In Flask A, you reacted 5.10 g Mg with 0.447 mol HCl. In Flask B, you reacted 24.21 g Mg with 0.998 mol HCl. Which ballon will inflate the most?

These are two limiting reagent problems rolled into one. If you don't know how to do limiting reagent problems here is a link that will show you how to do them step by step. Post your work if you get stuck.

http://www.jiskha.com/science/chemistry/limiting_reagent_problem.html

To determine which balloon will inflate the most, we need to calculate the amount of hydrogen gas produced in each reaction. The reaction between magnesium (Mg) and hydrochloric acid (HCl) produces hydrogen gas (H2) according to the following balanced chemical equation:

Mg + 2HCl → MgCl2 + H2

First, we need to calculate the amount of hydrogen gas produced in each flask using stoichiometry.

In Flask A:
- Mass of Mg = 5.10 g
- Moles of HCl = 0.447 mol

We need to find the limiting reactant, which is the reactant that is completely consumed and determines the amount of product formed. To do this, we compare the moles of Mg and moles of HCl.

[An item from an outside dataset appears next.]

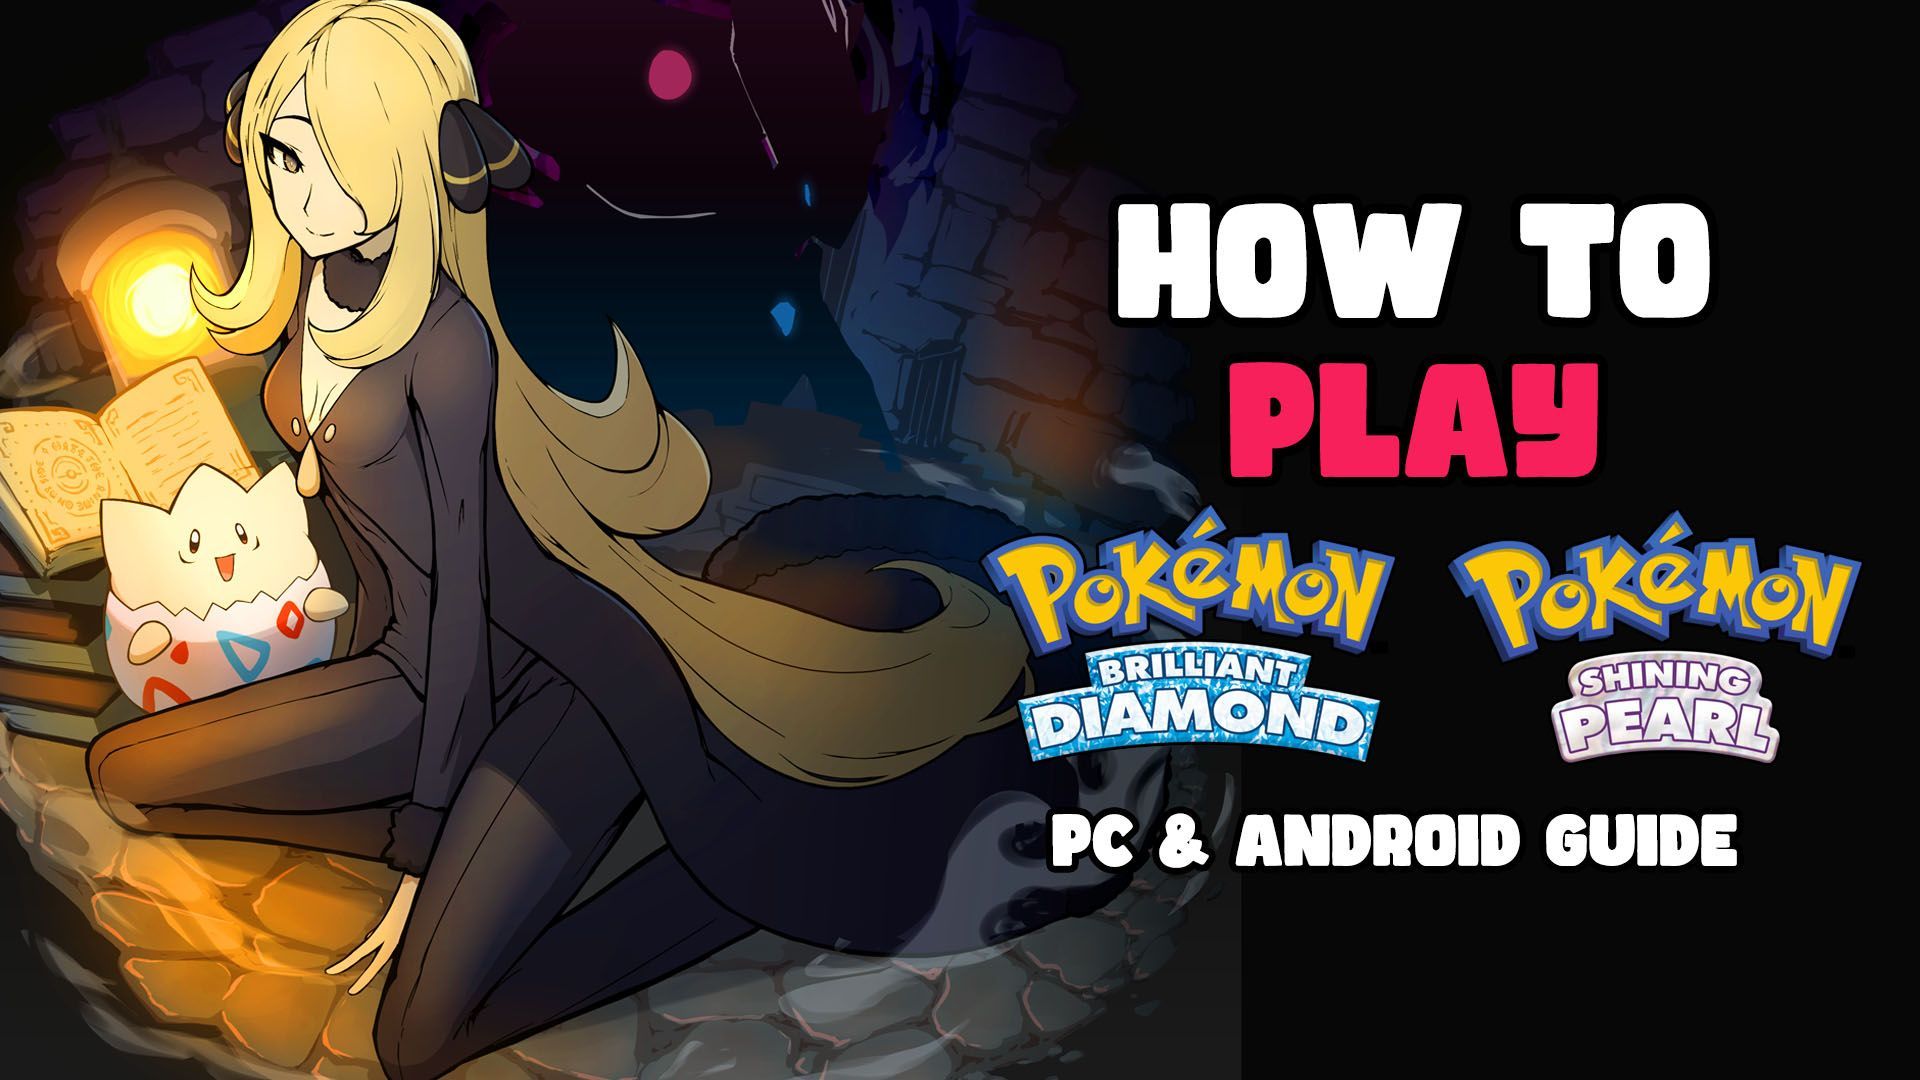 Pokémon Brilliant Diamond & Shining Pearl PC Download � Yuzu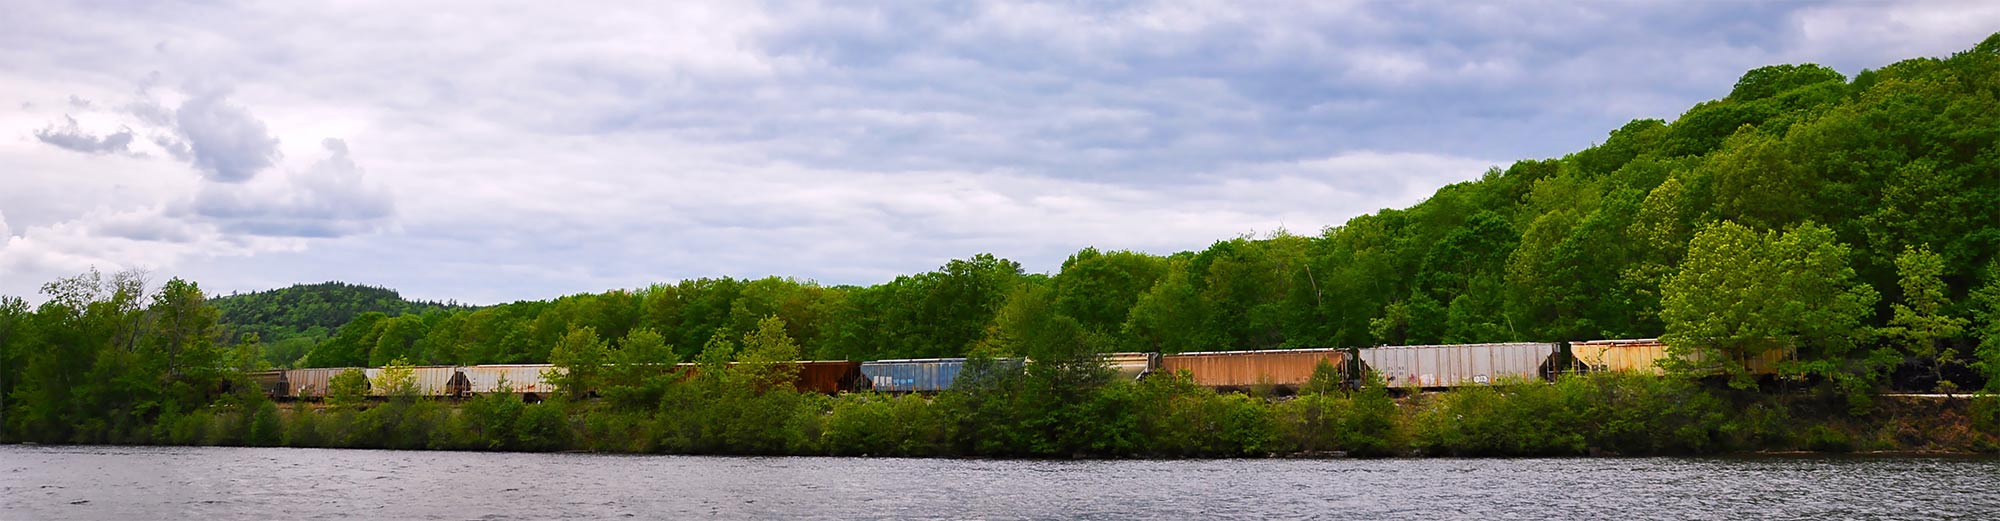 A freight train rolls alongside a river bank

The reaction ratio from the balanced equation is 1 mol Mg : 2 mol HCl.
So, for every 1 mole of Mg, we need 2 moles of HCl.

Using the given moles of HCl and the reaction ratio, we can calculate the moles of Mg needed:
Moles of Mg = moles of HCl / reaction ratio
Moles of Mg = 0.447 mol / (2 mol HCl / 1 mol Mg) = 0.2235 mol Mg

Since the moles of Mg present (0.2235 mol) is less than the moles of Mg used (0.447 mol), it is the limiting reactant.

Now, we can calculate the moles of hydrogen gas produced based on the limiting reactant:
Moles of H2 = Moles of Limiting Reactant = 0.2235 mol

In Flask B:
- Mass of Mg = 24.21 g
- Moles of HCl = 0.998 mol

Following the same process as above, we find that the moles of hydrogen gas produced in Flask B is also 0.2235 mol.

Therefore, the amount of hydrogen gas produced in both flasks is equal. As a result, both balloons will inflate the same amount.